→ SOURCE INFORMATION:
--------------------------------

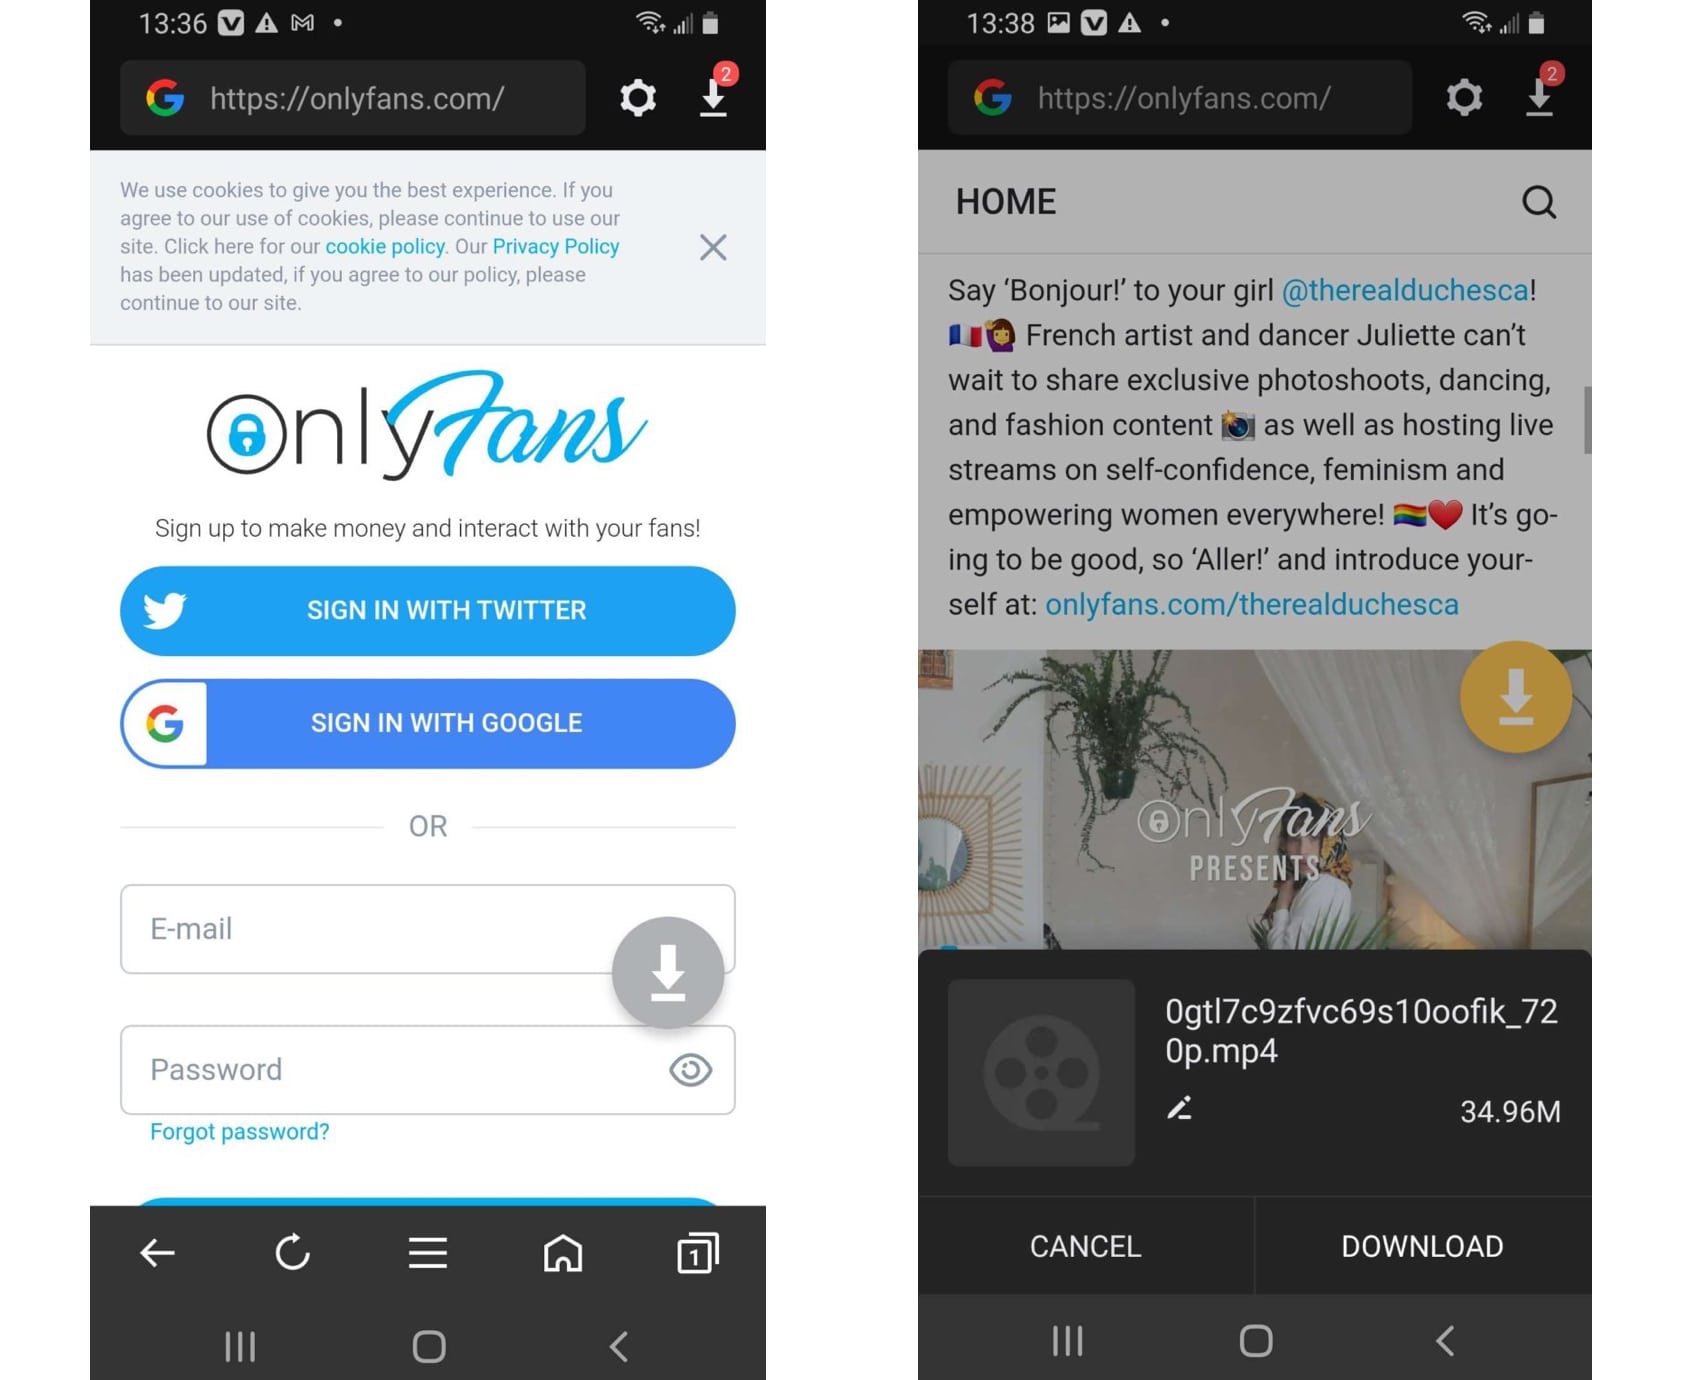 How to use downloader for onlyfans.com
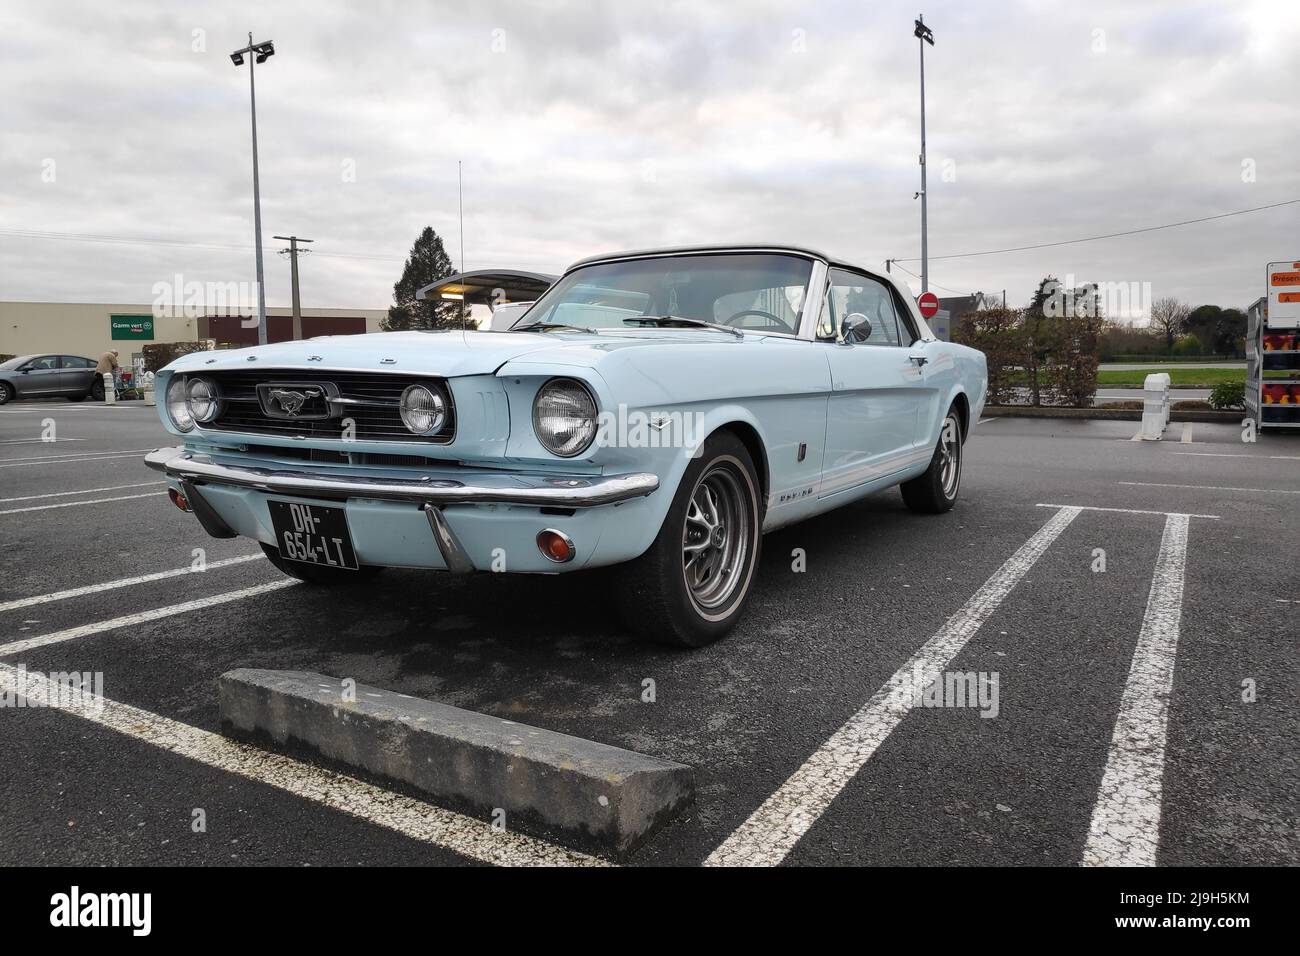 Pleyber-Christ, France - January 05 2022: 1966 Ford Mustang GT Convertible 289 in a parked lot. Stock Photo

--------------------------------

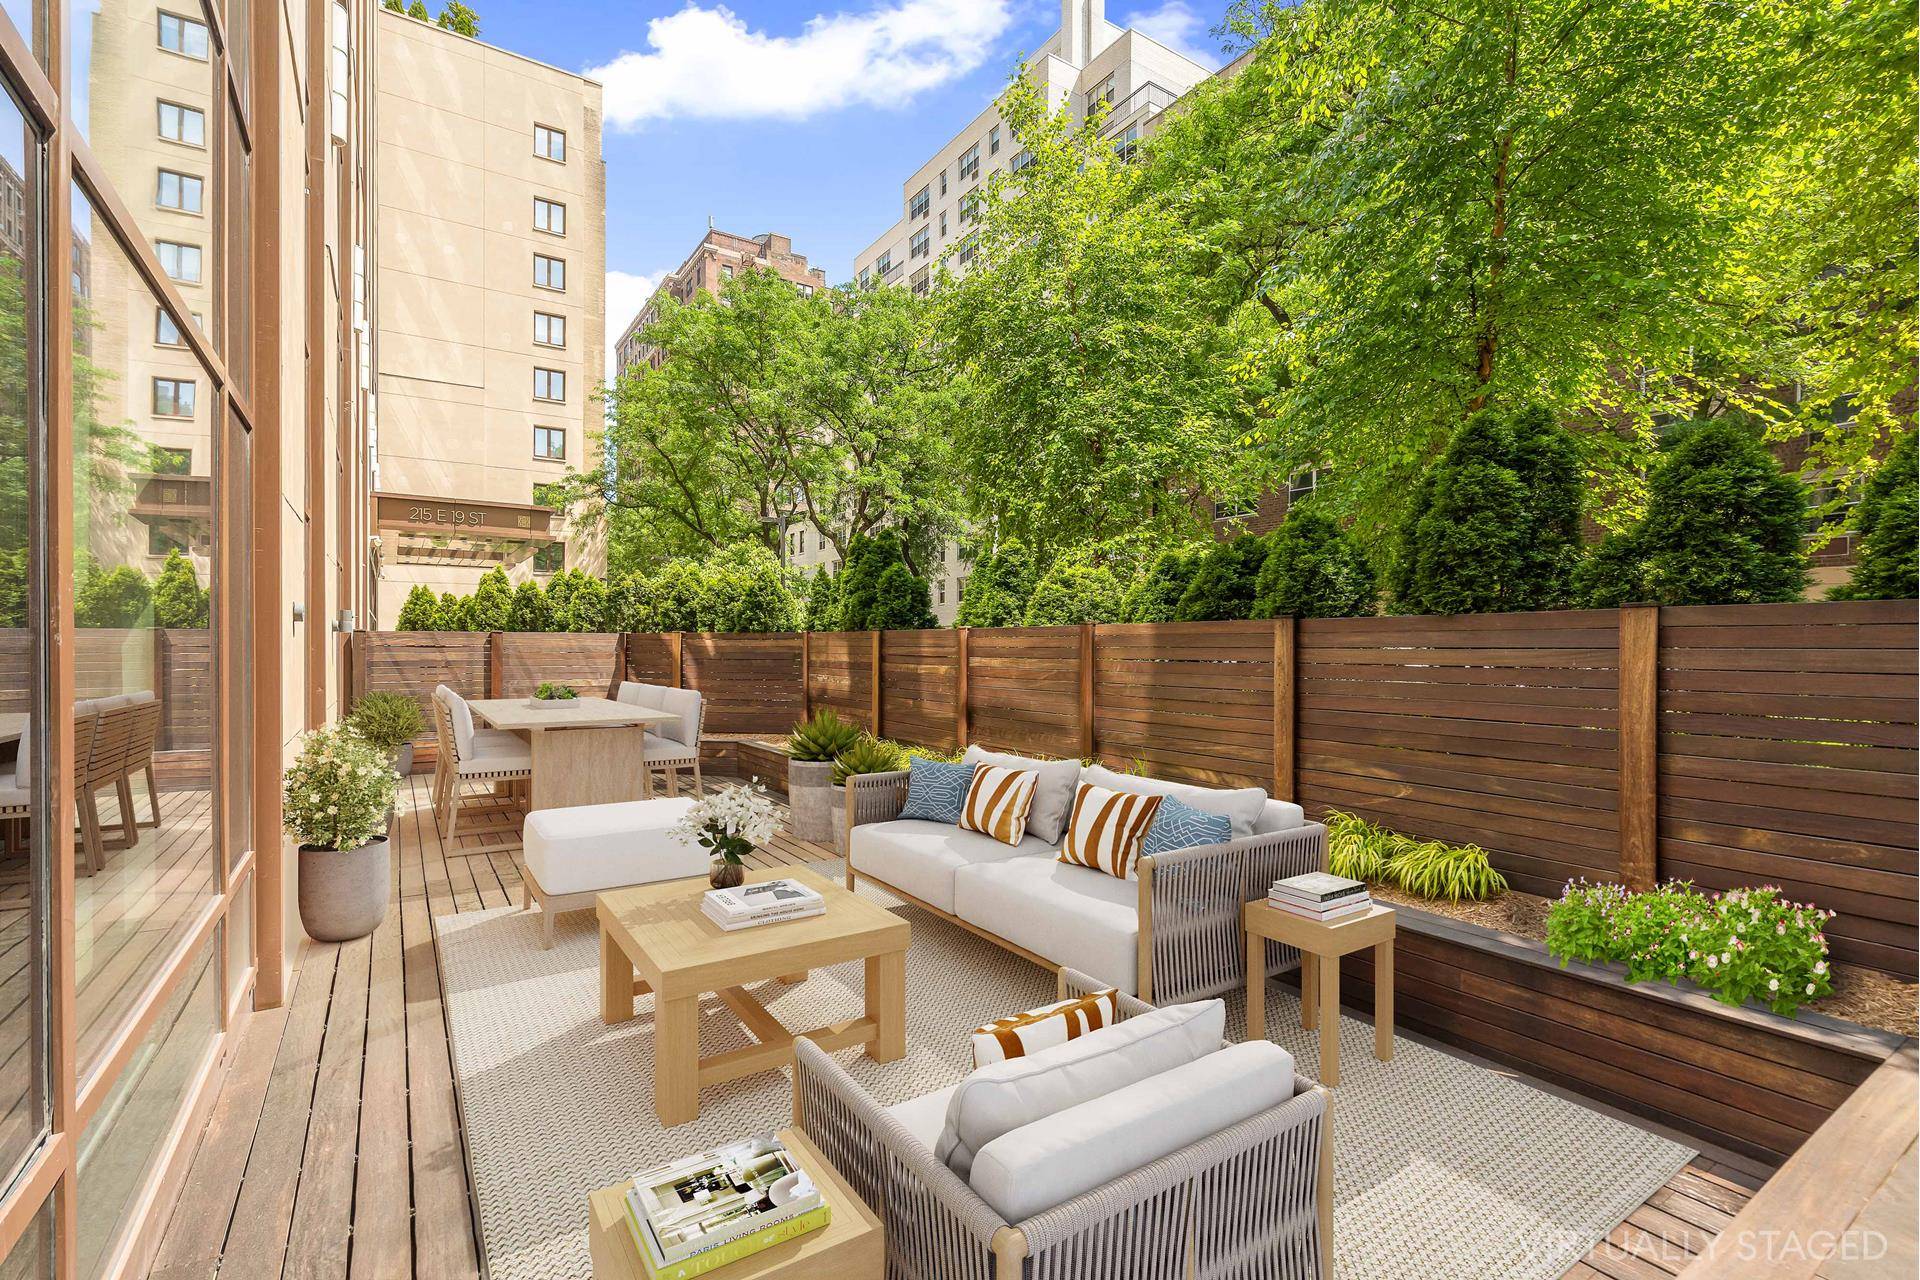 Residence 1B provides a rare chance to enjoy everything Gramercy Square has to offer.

--------------------------------

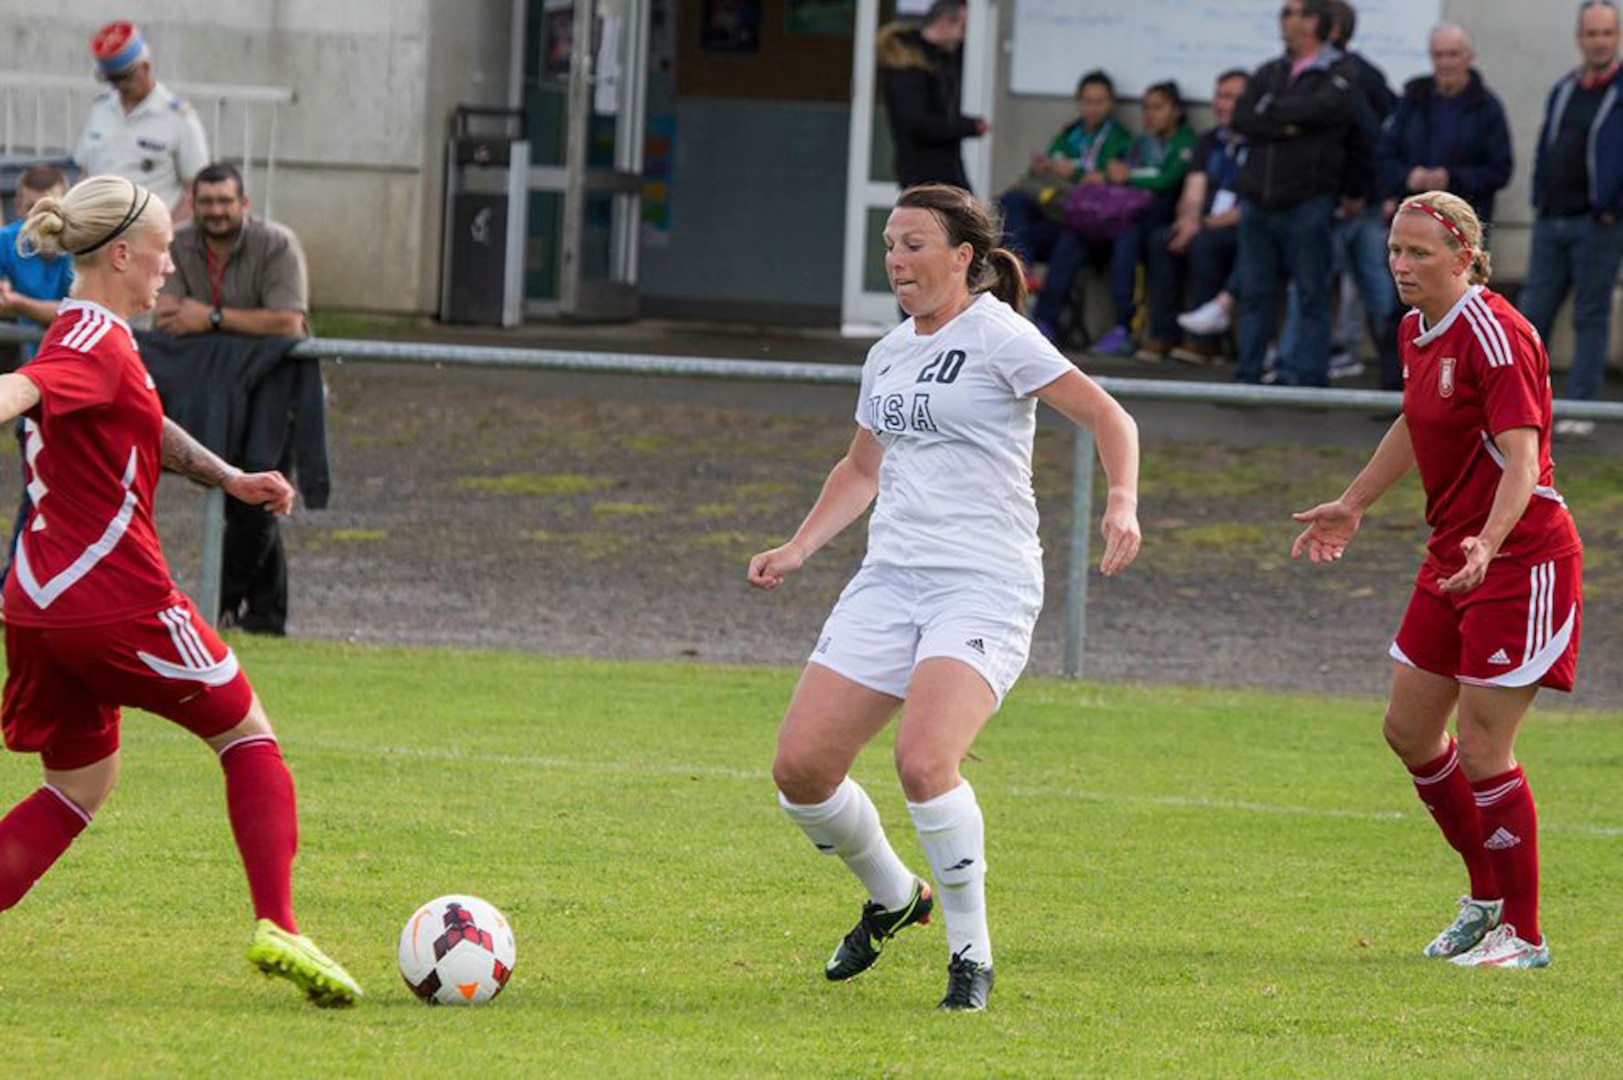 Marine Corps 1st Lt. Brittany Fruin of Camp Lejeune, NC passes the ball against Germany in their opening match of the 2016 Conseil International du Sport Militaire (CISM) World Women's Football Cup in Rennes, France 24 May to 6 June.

--------------------------------

→ PROMPT: Would you give again, exactly, the lines in the data above that run from the line containing "How to use downloader for onlyfans.com" to the line containing "Pleyber-Christ, France - January"? Include both ends and no pictures.

→ RESPONSE:
 How to use downloader for onlyfans.com
 Pleyber-Christ, France - January 05 2022: 1966 Ford Mustang GT Convertible 289 in a parked lot. Stock Photo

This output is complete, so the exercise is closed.